We manipulated yeast to serve as a model system for understanding evolution in outbred sexual diploid species harboring high levels of standing variation (i.e., virtually all higher eukaryotes). We evolved replicate yeast populations in the presence of several chemical stressors for 216 generations with forced sex approximately once every 18 generations, at effective populations sizes approaching those of some natural populations. Like previous studies in Drosophila, we observe major genes important in selective response, with much of the genome responding to selection. Patterns of genetic change appear more repeatable than fly E&R experiments, are highly repeatable within drug treatments, but show little convergence across drugs. We estimate the initial rate of recombination per generation per individual per basepair (gene) to be approximately 20X (4X) higher in our yeast compared to fly E&R experiments. This greatly expanded recombinational map makes it increasingly difficult to explain genome-wide responses to selection as being due to a modest number of causative factors and traffic due to linkage disequilibrium. We make the novel observation that genome-wide haplotype change is almost always and replicably driven by only one of the 18 founder haplotypes, suggesting that selection is acting primarily on alleles private to single founders or multi-mutation haplotypes, and rarely intermediate frequency SNPs present on multiple founder haplotypes. The observation that selection almost always acts on a single haplotype likely rules out some polygenic models for the architecture of adaptation, although current models need to be more explicit and capable of making precise predictions.

Materials and Methods

Strains and media: The base population used in this study is a multi-parent population (MPP) derived from a full diallel cross of 18 highly characterized natural haploid founding strains (Cubillos et al. 2009) intercrossed for 12 generations to break up haplotype blocks. This population, 18F12v2, and the 18 founding strains are described in detail elsewhere (Linder et al. 2020). But briefly, we cross 11 Mata and 11Matα strains in a full diallel, of which four strains (AB1-AB4) entered the cross as both mating types and are the founders of the SGRP-4X (Parts et al. 2011). Details of propagation are in the Supplement.

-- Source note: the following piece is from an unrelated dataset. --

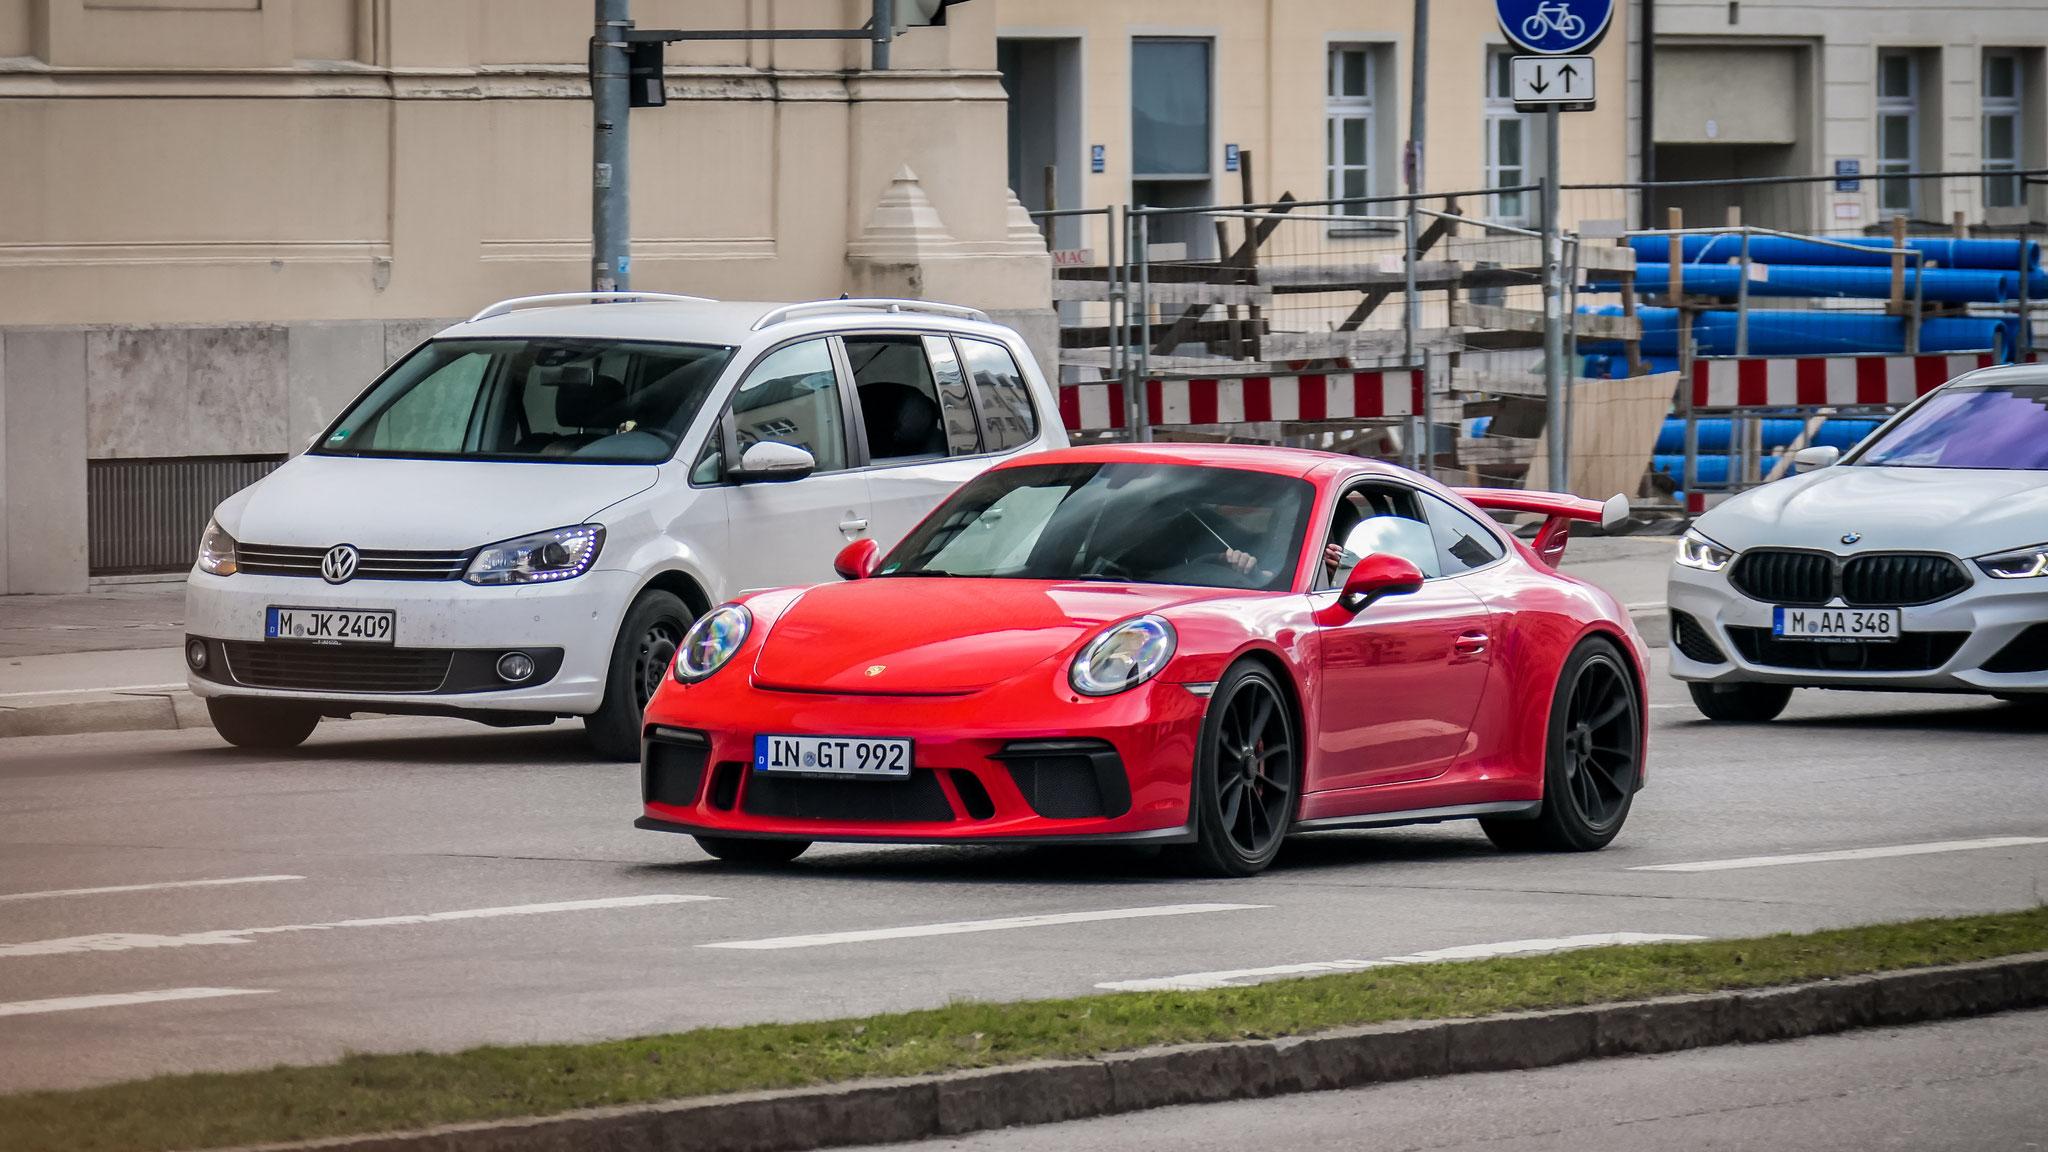 Porsche 991 GT3 - IN-GT-992

Long-term evolution of diploid budding yeast: The schematic of the long-term evolution regimen is shown in figure 1. Details of media and handling are in the Supplement, although in general concentrations of drugs used throughout the experiment were chosen so that in week one the populations could only just grow 10-fold over 24 h. On the first Tuesday of the entire experiment only, a lower dose of most chemicals was used to acclimate cells to the chemical challenge (to allow cells to physiologically adapt). For the remainder of the experiment, an increased dose was used to maintain a high degree of selective pressure. On Tuesdays, Wednesdays, and Thursdays, 10x serial dilutions of cells were transferred to newly thawed chemical plates using a custom-built liquid-handling robot. Every Thursday, the OD630 of all cultures were read and glycerol stocks were created to maintain a fossil record of evolution. On Fridays, sporulate in deep 24-well plates. On Mondays, sporulation efficiency was checked, cells spheroplasted, and mechanical disruption was further carried out to break open the ascii. The resulting spores were mated and incubated overnight to select for diploids, after which the entire process was repeated for a new week. In total, evolution was carried out for 12 weeks, with an estimated 18 mitotic and 1 meiotic generation occurring each week for a total of 216 mitotic and 12 meiotic generations.

Whole-genome sequencing of the evolved populations: Archived week 12 evolved populations were thawed and incubated in deep 96-well plates in fresh YPDamp O/N at 30°C at 175 RPM. Cells were then harvested, DNA prepared, and Nextera Flex reactions carried out (with modifications; cf. Linder et al. 2020). Libraries were sequenced on the HiSeq4000 with PE100 reads. Coverage per sample ranged from 5x to 867x, with a mean coverage of 67x (supplementary fig. S2, Supplementary Material online).

Isolation of haploid clones: Three archived week 11 evolved populations (cadmium chloride R04, diamide R01, and sodium chloride R02) as well as the base population were inoculated directly into 2 mL of YPDamp, cells were sporulated, and ascii disrupted to obtain haploid spores. Spores were further disrupted via sonication to separate sister spores and immediately plated onto YPD + cloNAT plates to select for Mata haploids. Haploid clones were grown, pinned onto omnitrays supplemented with mating-type testers as described in Linder et al. (2020). Confirmed Mat a haploids were grown, DNA prepared, and additional Nextera libraries made and sequenced.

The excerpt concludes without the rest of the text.